Но когда бы понял старый вал,
Что такая им с шарманкой участь,
Разве петь кружась он перестал?
Оттого что петь нельзя не мучась…[12]
То, что было юношеского, гибкого, переменчивого и наивного в характере Иннокентия Федоровича, не нашло отражения в его стихах. Но разве напряженной прямизне его стана, за которой чувствовалась и скрываемая боль, и дряхлость, и его негибкой голове, не поворачивавшейся в высоких воротничках, подпиравших щеки, не соответствуют эти мучительные слова о том, что «обида к старости растет на шипах от муки поворота»?
Там все, что прожито – желанье и тоска,
Там все, что близится – унылость и забвенье.[13]
Для выражения мучительного упадка духа он находил тысячи оттенков. Он всячески изназвал изгибы своей неврастении. «Только не желать бы, да еще не помнить, да еще не думать». Сердце-это «счетчик муки, машинка для чудес». «В сердце, как после пожара, ходит удушливый дым».
«О, как я чувствую накопленное бремя
Отравленных ночей и грязно-белых дней»….
… «И было мукою для них (для струн),
Что людям музыкой казалось»…
Воспоминанья «надо выстрадать и дать им отойти».

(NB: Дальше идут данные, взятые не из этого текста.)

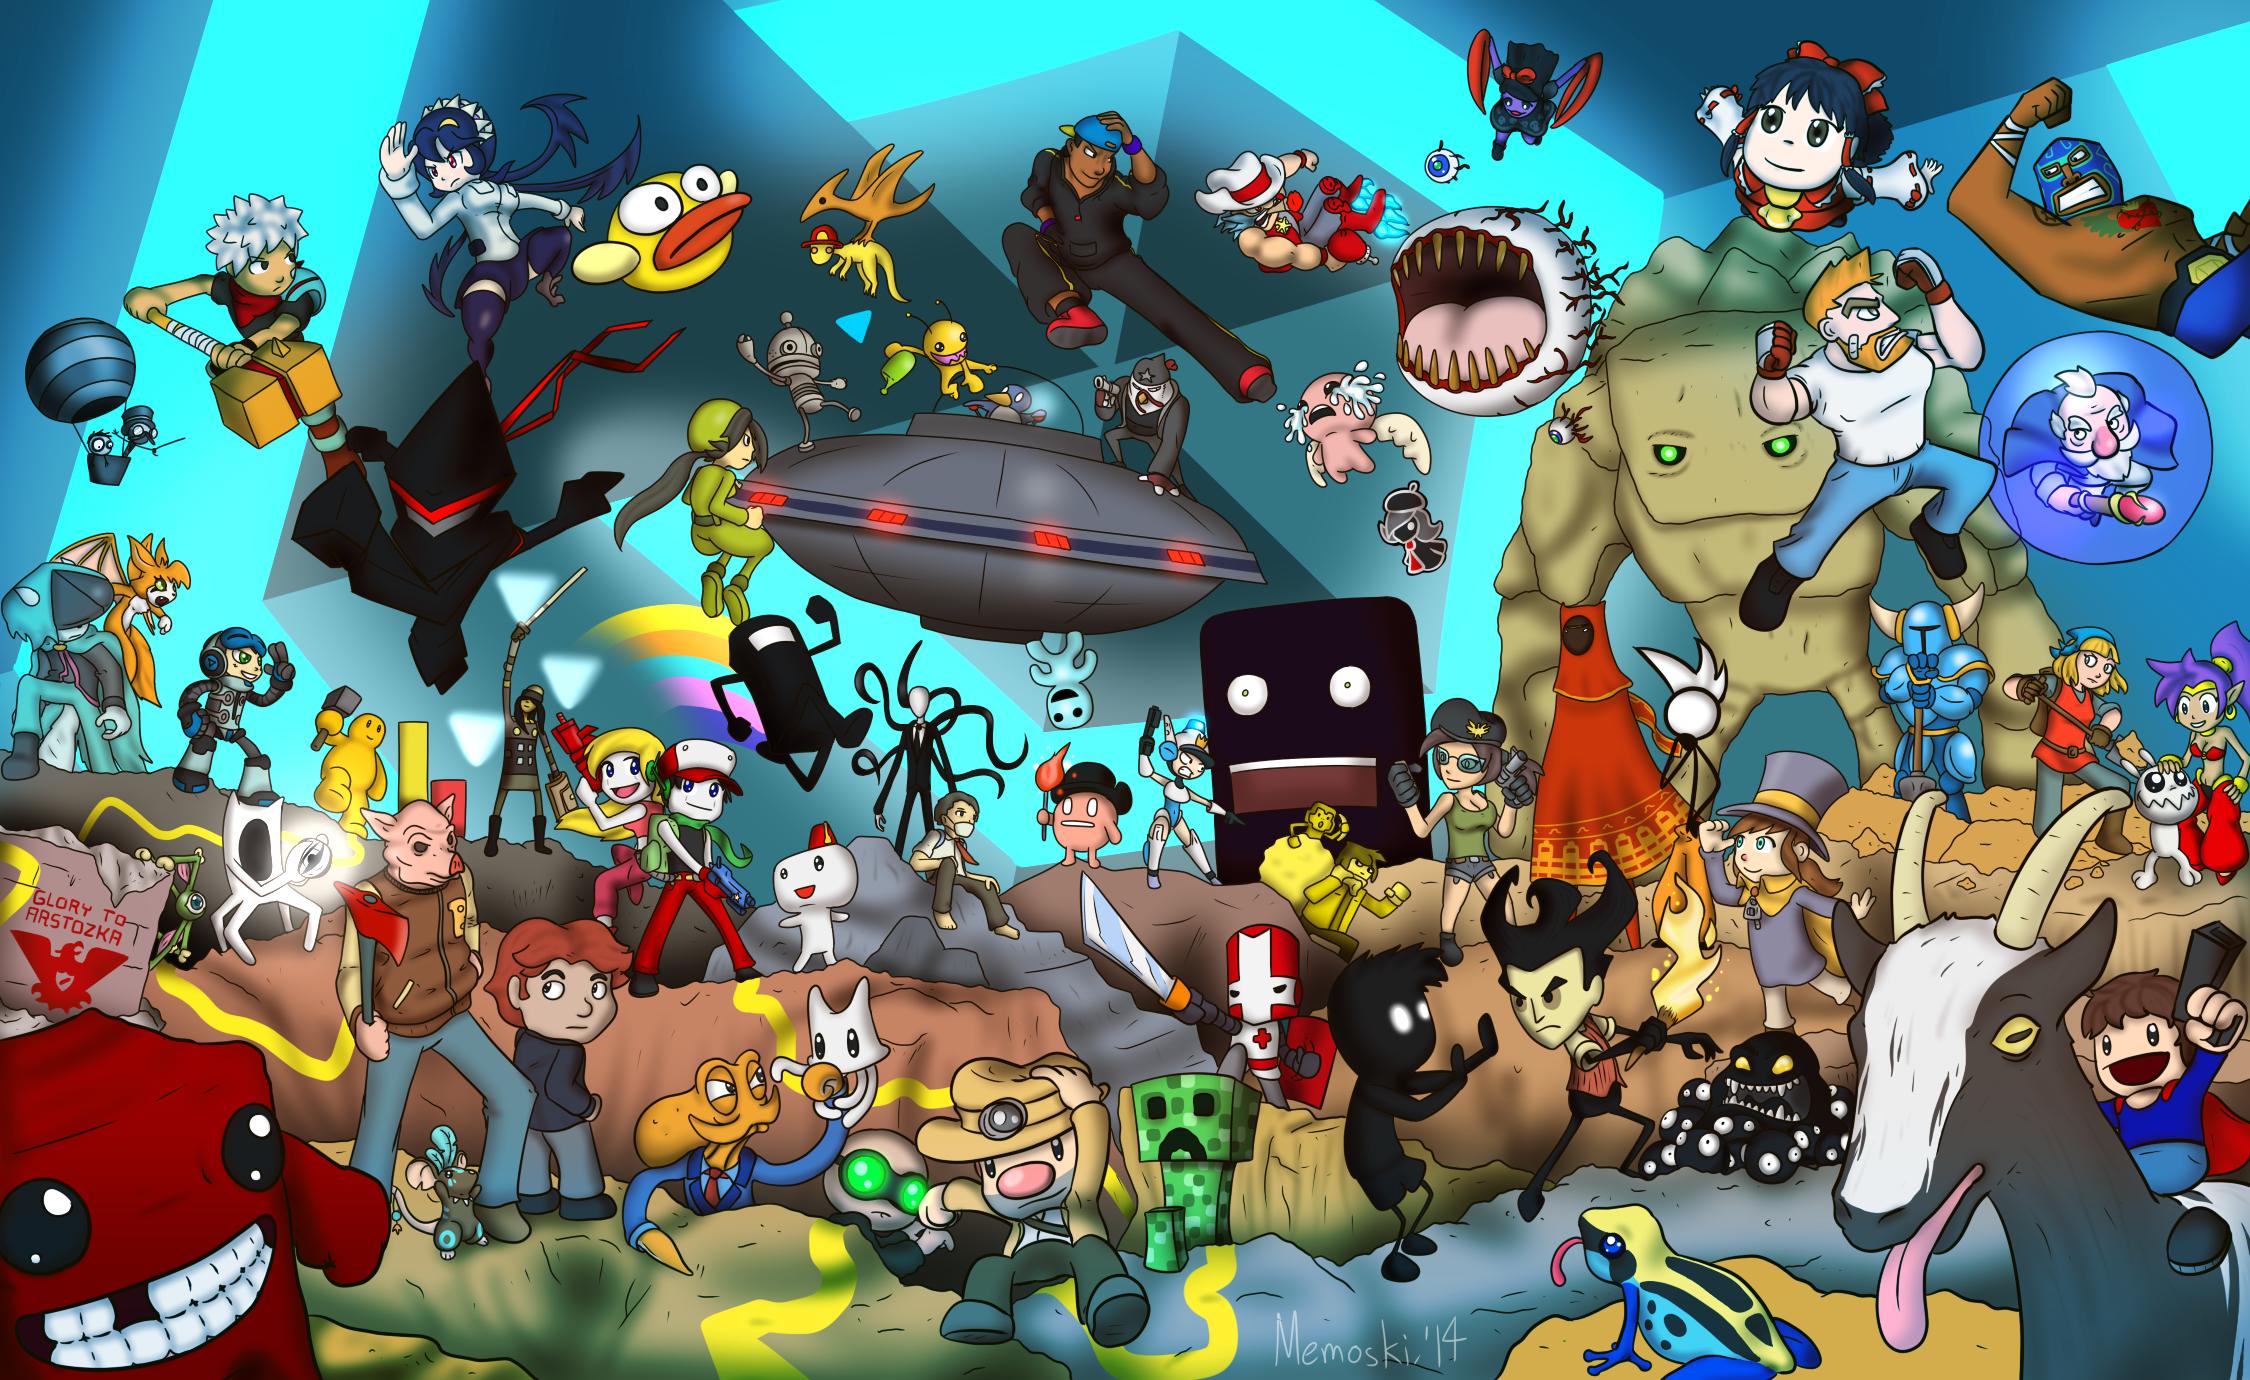 много персонажей на одной картинке из игры английские

Ничто не удавалось в стихах Иннокентия Федоровича так ярко, так полно, так убедительно законченно, как описание кошмаров и бессонниц.

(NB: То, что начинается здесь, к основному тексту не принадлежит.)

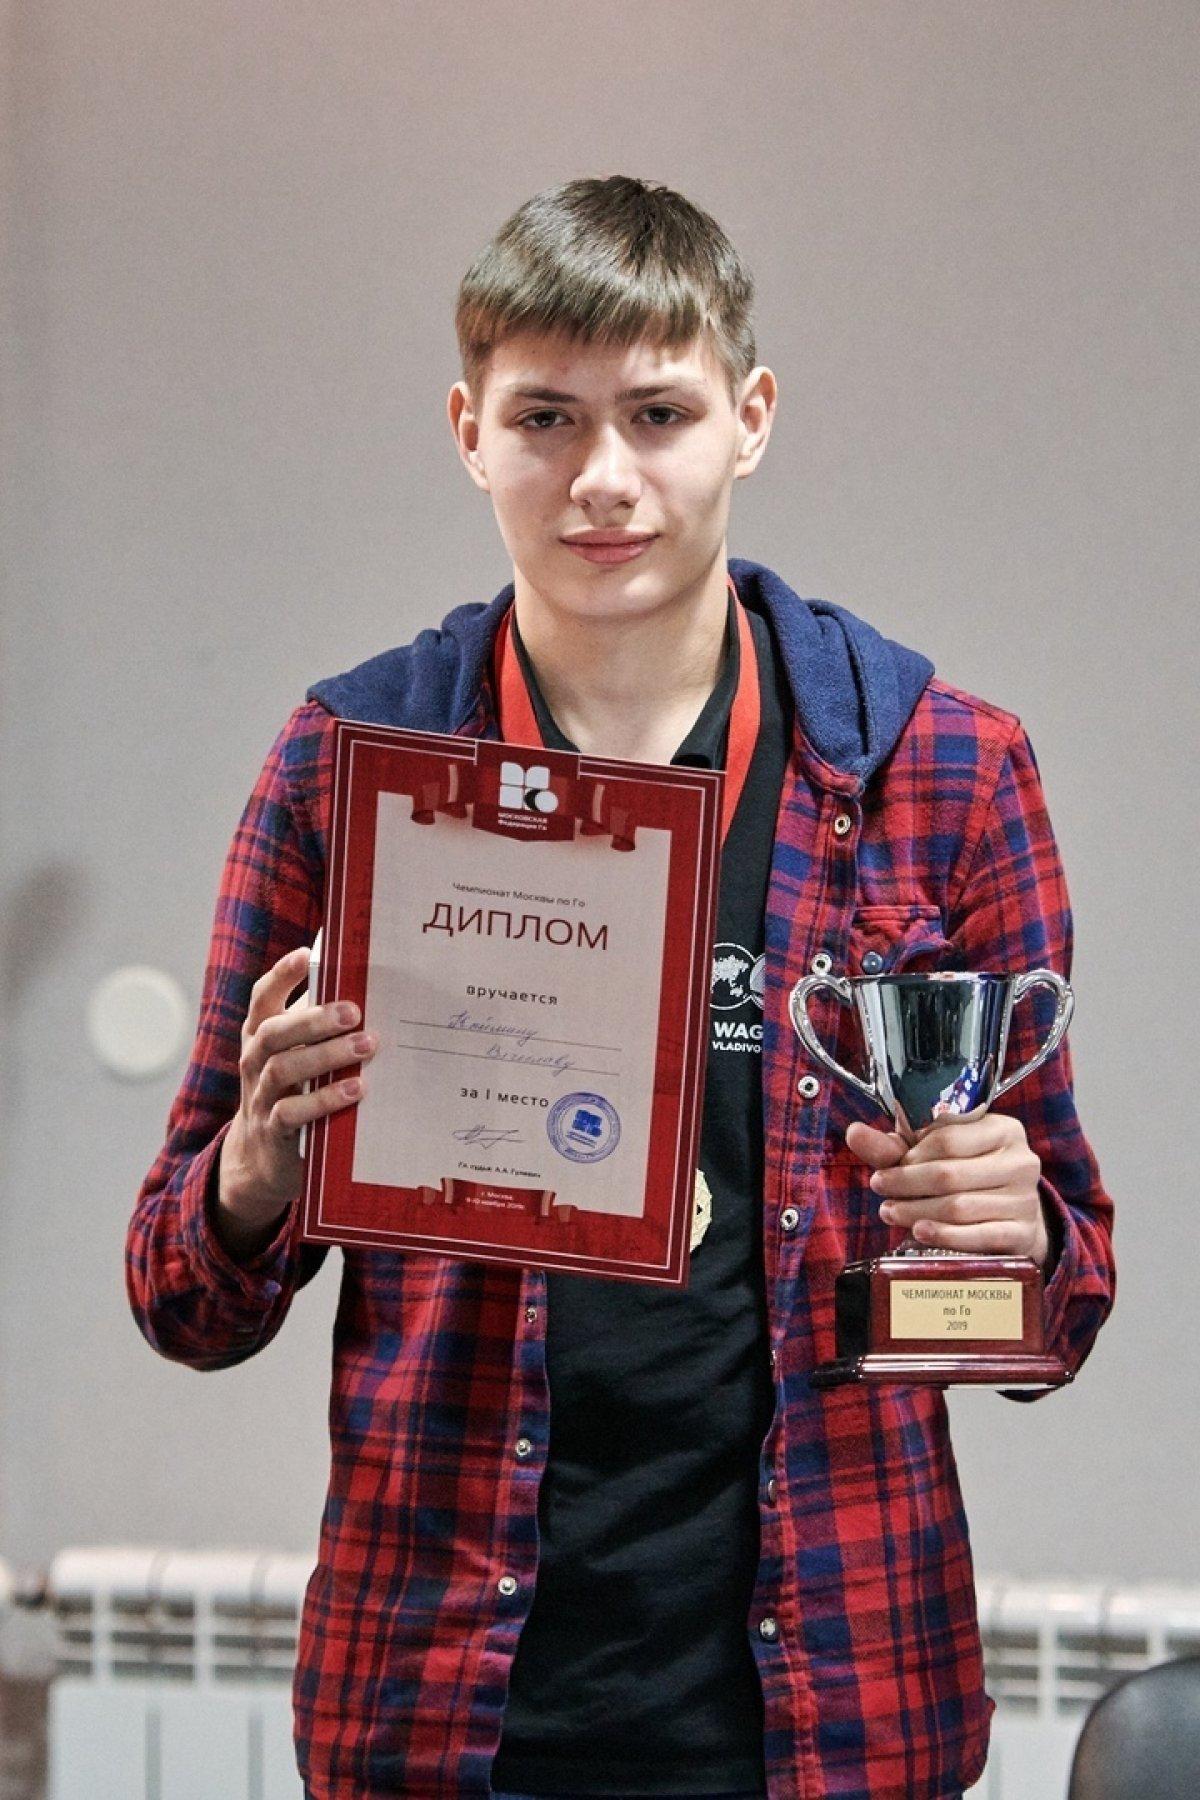 В Центре международной торговли 9-10 ноября состоялся чемпионат Москвы по го. В турнире приняли участие около 150 участников из 16 городов России.

Вот он не спит в вагоне железной дороги
… Пока с разбитым фонарем,
Наполовину притушенным,
Среди кошмарных дум и дрем
Проходит полночь по вагонам.
… И чем ее дозоры глуше,
Тем больше чада в черных снах
И задыханий и удуший,
Тем больше слов, как бы не слов,
Тем отвратительней дыханье
И запрокинутых голов
В подушках красных колыханье…[14]
Вот он лежит больной с ледяным мешком на голове. Опять бессонница:
Ночь не тает.
Ночь как камень,
Плача тает только лед,
И струит по телу пламень
Свой причудливый полет.
Но лопочут, даром тая,
Ледышки на голове!
Не запомнить им, считая,
Что подушек только две,
И что надо лечь в угарный
В голубой туман костра,
Если тошен луч фонарный
На скользоте топора…[15]
Вот кошмар дневной. Тоже железнодорожный кошмар импрессиониста:
… В темном зное полудней
Гул и краски вокзала…
Полумертвые мухи
На разбитом киоске,
На пролитой известке
Слепы, жадны и глухи…
Уничтожиться, канув
В этот омут безликий,
Прямо в одурь диванов
В полосатые тики.[16]
Вот еще бессонница, комната, дождь…
Мне тоскливо, мне не вмочь,
Я шаги слепого слышу:
Надо мною он всю ночь
Оступается о крышу.[17]
Вот стук часов не дает ему спать:
Разве тем и виноват,
Что на белый циферблат
Пышный розан намалеван?[18]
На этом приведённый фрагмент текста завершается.